The Stanford researchers found that those living in higher-income neighborhoods were able to reduce their mobility—with remote work arrangements and food delivery—more than low-income residents, who are more likely to be essential workers.
The findings about racial disparities ring true for Elizabeth Rios, whose Passion2Plant network supports black and brown church planters. “Those in poorer neighborhoods have jobs that don’t provide work-from-home opportunities,” she said. “Some who have lost jobs are trying to take any job they can find to make ends meet.”
And even if churches can afford cleaning supplies, hand sanitizer, masks, or other personal protective equipment needed to reopen safely—precautions that weren’t taken into consideration in the Nature models—their congregants may be predisposed to infection due a higher rate of preexisting conditions in lower-income or racial minority groups.
“Consequently, reopening strategies can have a different impact on disadvantaged groups than on the population as a whole, and it’s important to take this into account,” wrote the research team, led by Serina Chang, Emma Pierson, and Pang Wei Koh.
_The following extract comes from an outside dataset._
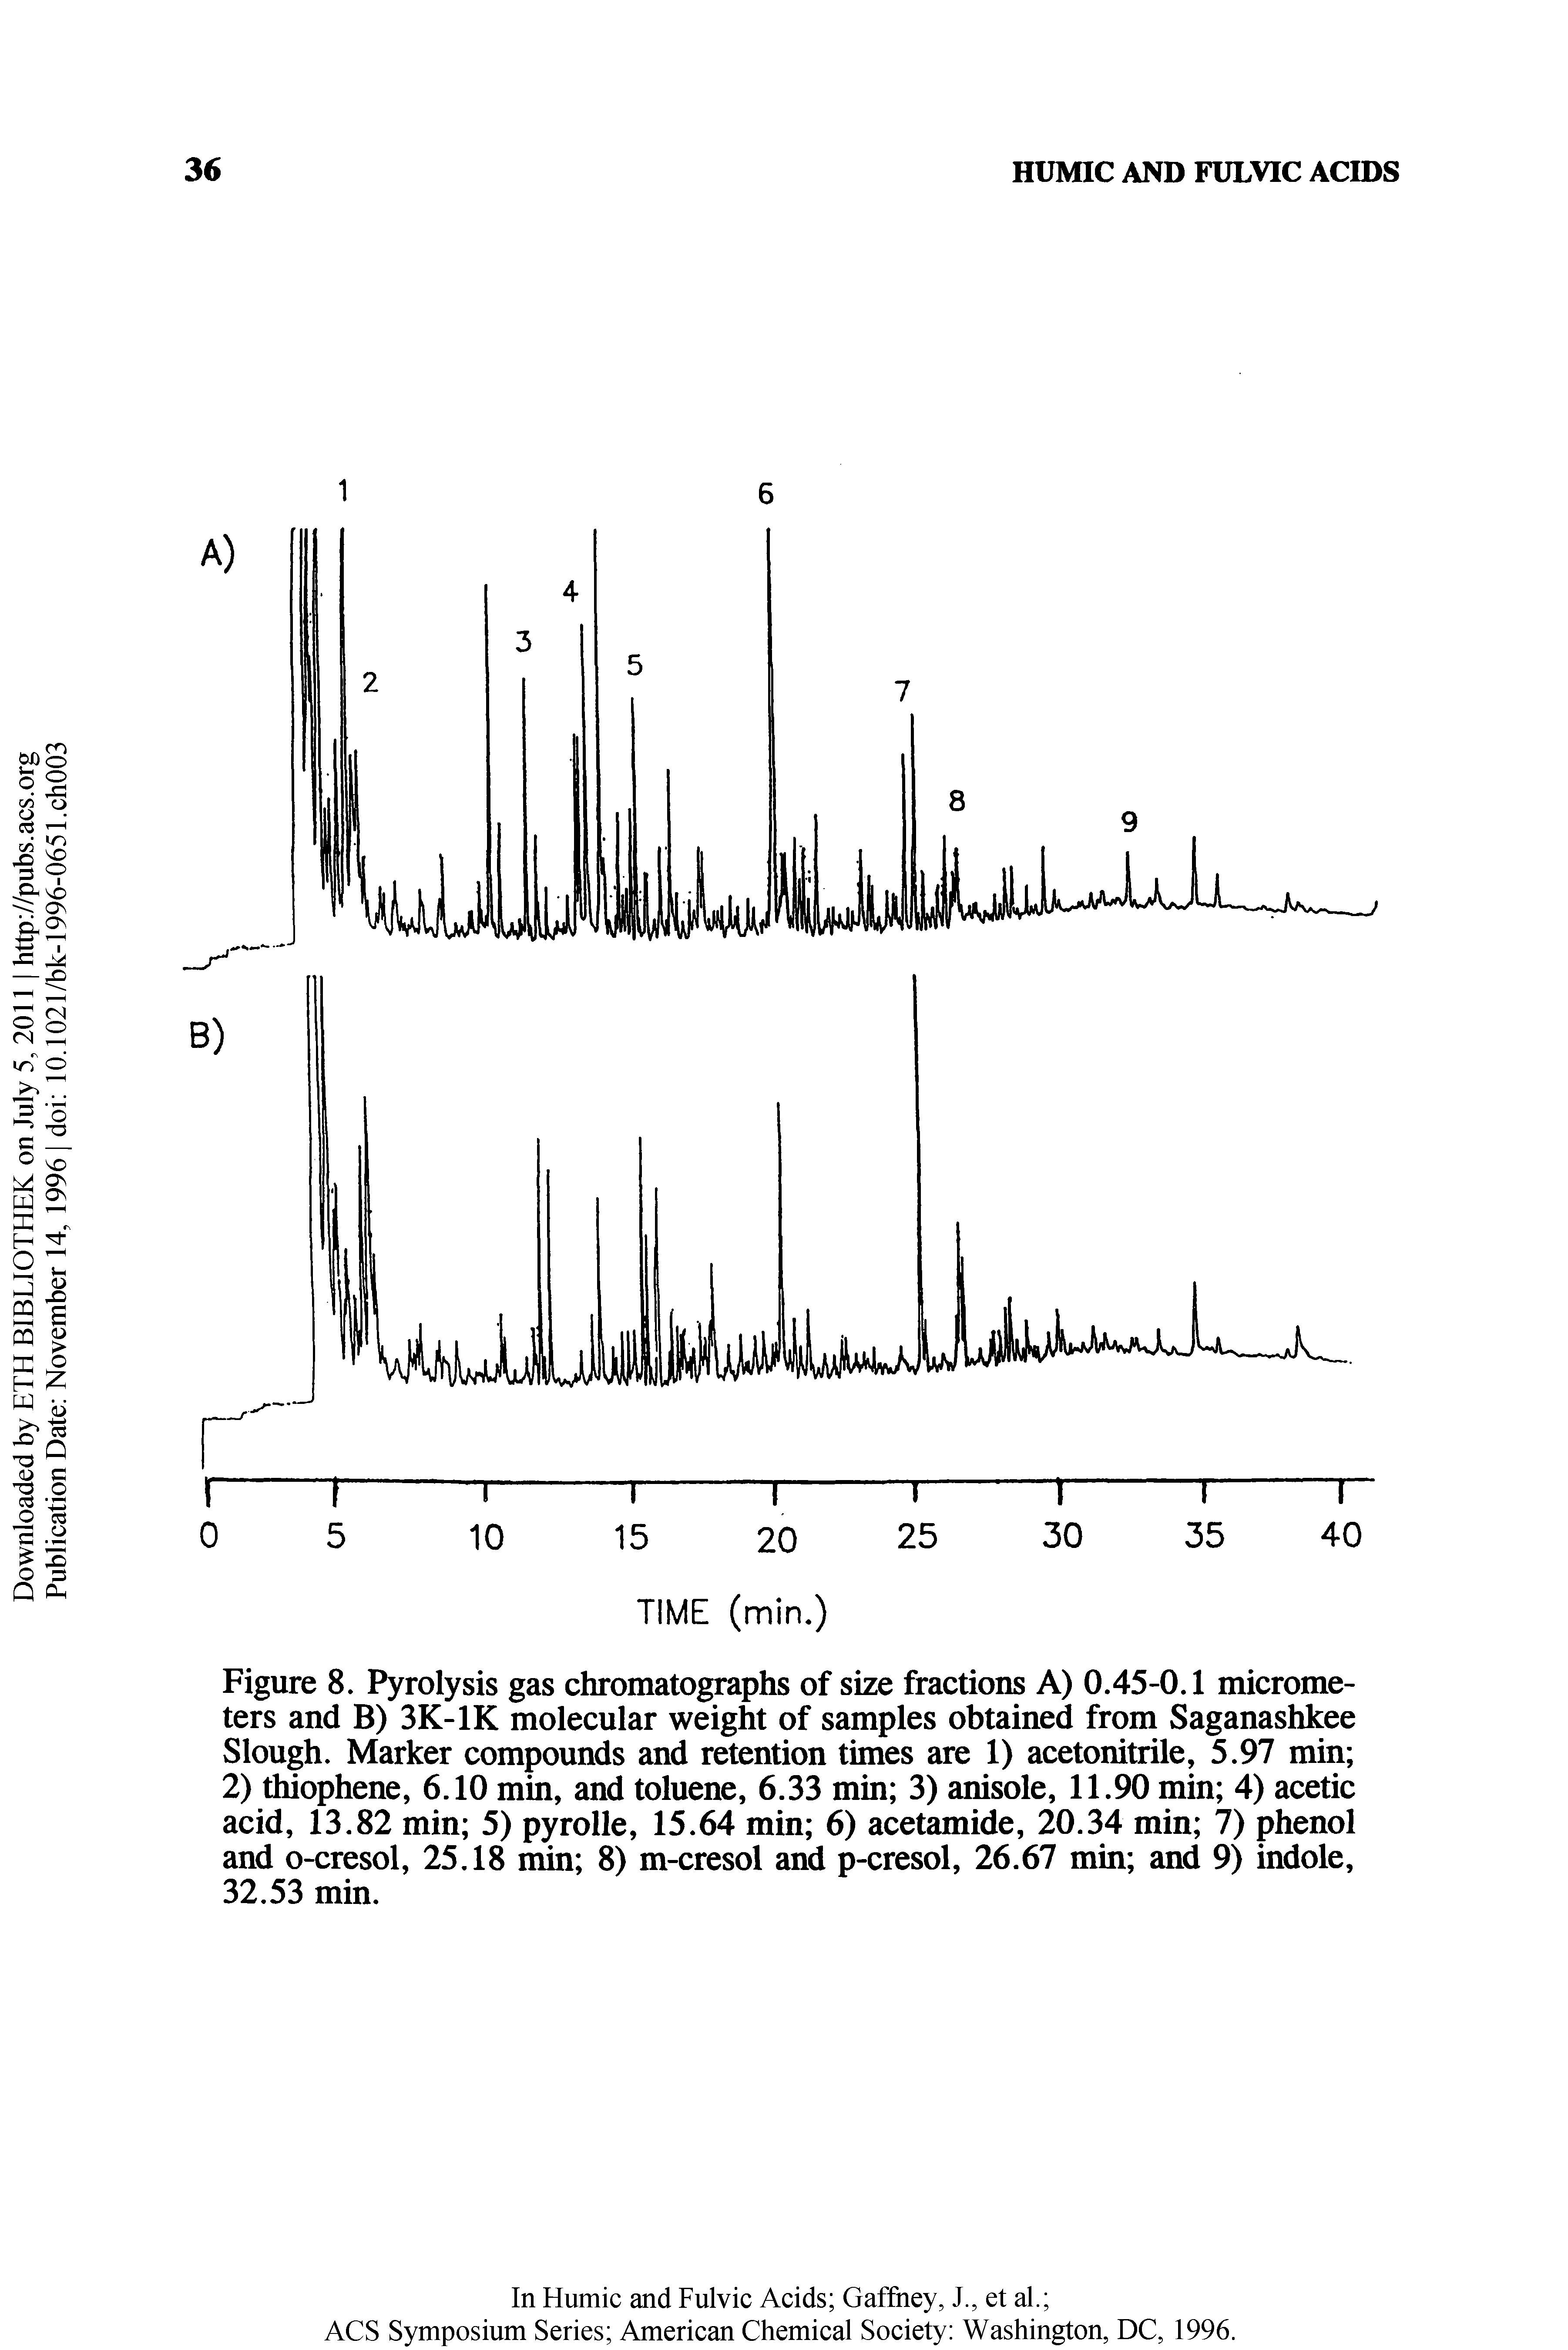 Figure 8. Pyrolysis gas chromatographs of size fractions A) 0.45-0.1 micrometers and B) 3K-1K molecular weight of samples obtained from Saganashkee Slough. Marker compounds and retention times are 1) acetonitrile, 5.97 min 2) thiophene, 6.10 min, and toluene, 6.33 min 3) anisole, 11.90 min 4) acetic acid, 13.82 min 5) pyrolle, 15.64 min 6) acetamide, 20.34 min 7) phenol and o-cresol, 25,18 min 8) m-cresol and p-cresol, 26.67 min and 9) indole, 32.53 min.
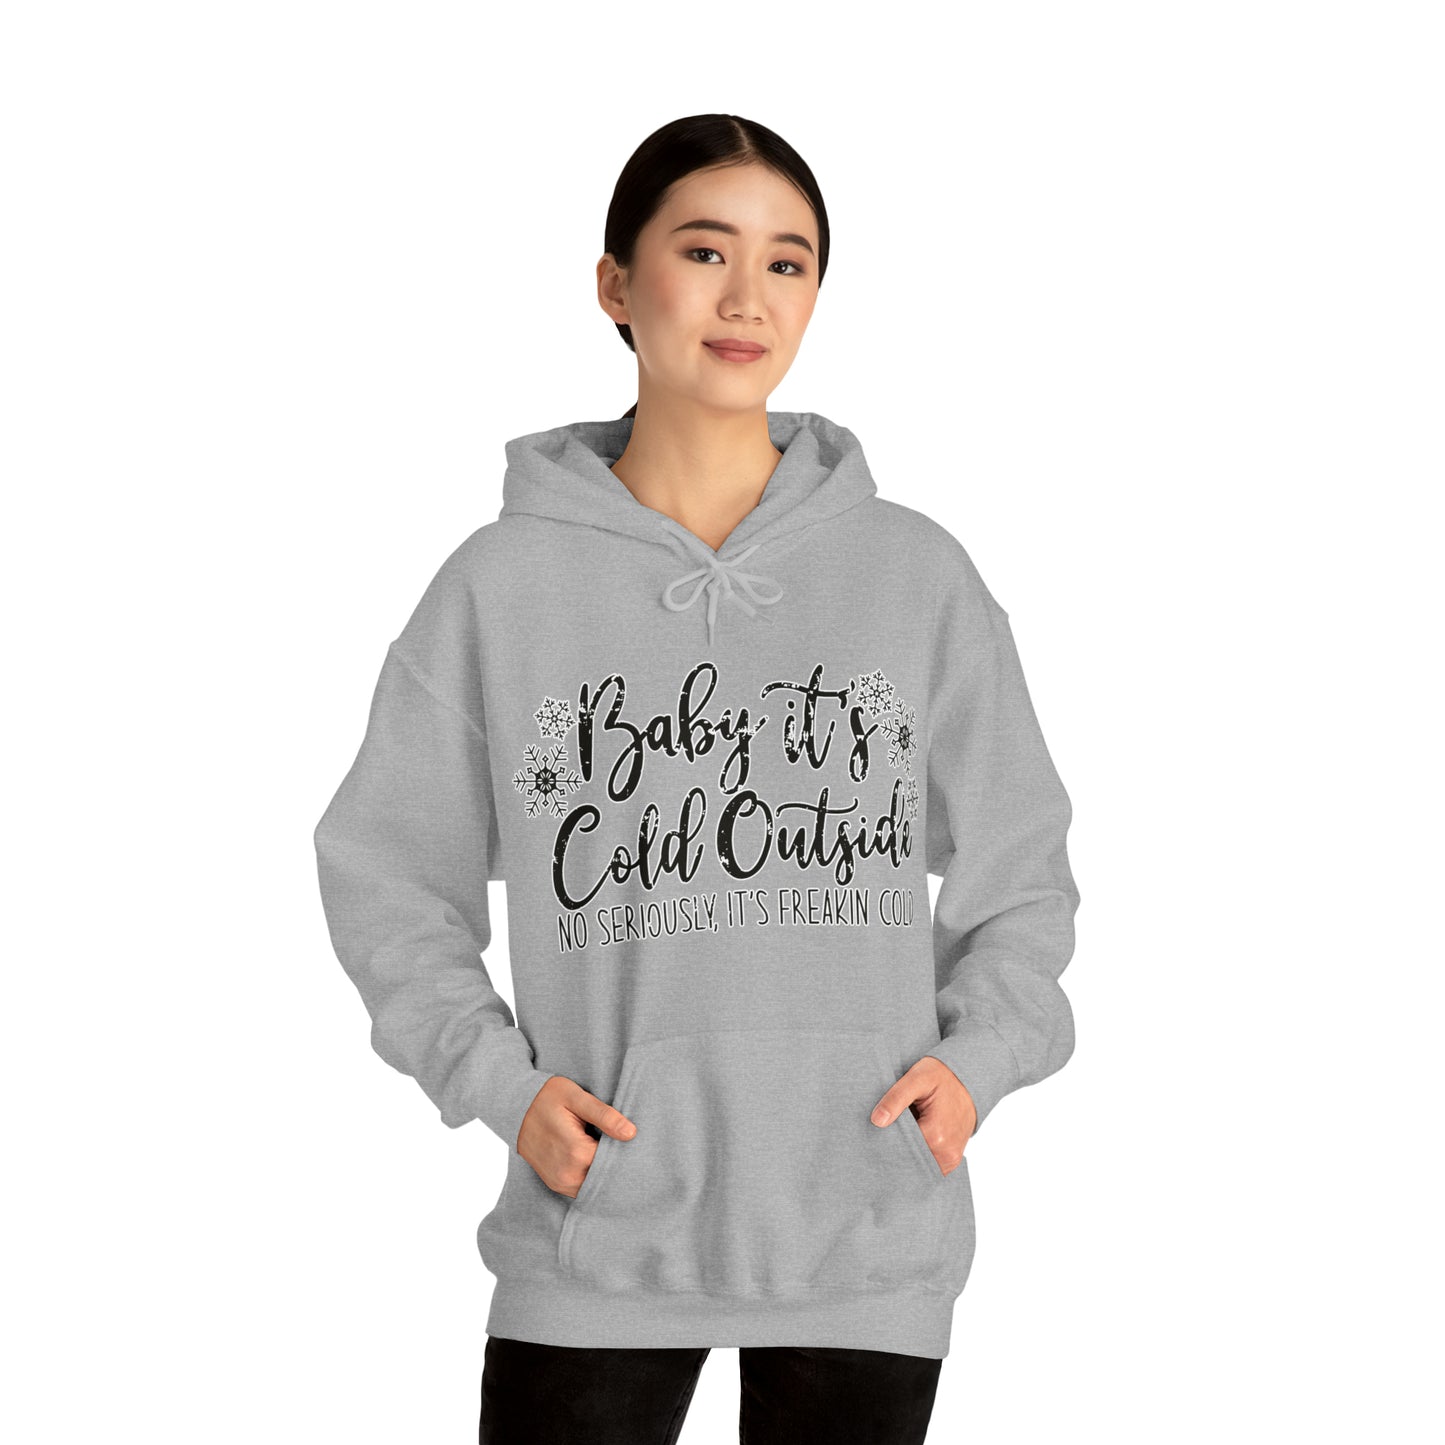 Baby, It's Cold Outside, No Seriously It's Freaking Cold: Unisex Heavy Blend™ Hooded Sweatshirt

But churches also want to be able to offer gospel witness and spiritual support to the groups hit hardest by the virus. “Practically, the church ought to be the biggest servant to the most vulnerable in creative ways, and we should be a safe space of deep belonging for the lonely and isolated,” said Carlos Rebollar, lead pastor at the recently planted church Sojourn East End in Houston.
Rebollar’s church initially went online but now offers outdoor services, biweekly social gatherings with social distancing, and Zoom community groups.
Given the risk in their communities, pastors of color have been the most conservative about resuming in-person gatherings. This fall, 60 percent of African American pastors said their congregations did not meet in person, compared to 13 percent of pastors overall, per a LifeWay Research survey.
As another wave of the pandemic hits, the Stanford researchers caution that their model is based on data from the spring. It predicts risks for spaces that reopen in full without mask wearing and other precautions used at most churches these days.
“The risk to society of fully reopening a category is not equivalent to how risky it is for you, as an individual, to visit,” they wrote. Other studies have looked at the risk of visiting places like heath care facilities.
Since the beginning of the pandemic, Christians have faced scrutiny as some early global and US “superspreader” events were connected to churches. News media continue to cover Christians meeting in defiance of state orders, such as pastor John MacArthur’s Grace Community Church in California and Sean Feucht’s praise protests across the nation.
Rios worries that Christians are getting mixed messages about the risks of reopening but says they should know that following health guidelines does not insinuate a lack of faith.
“Doing the right thing communicates hope over despair of this season or disregard of people,” she said. “The church has always been the place to find hope in the darkest of moments.”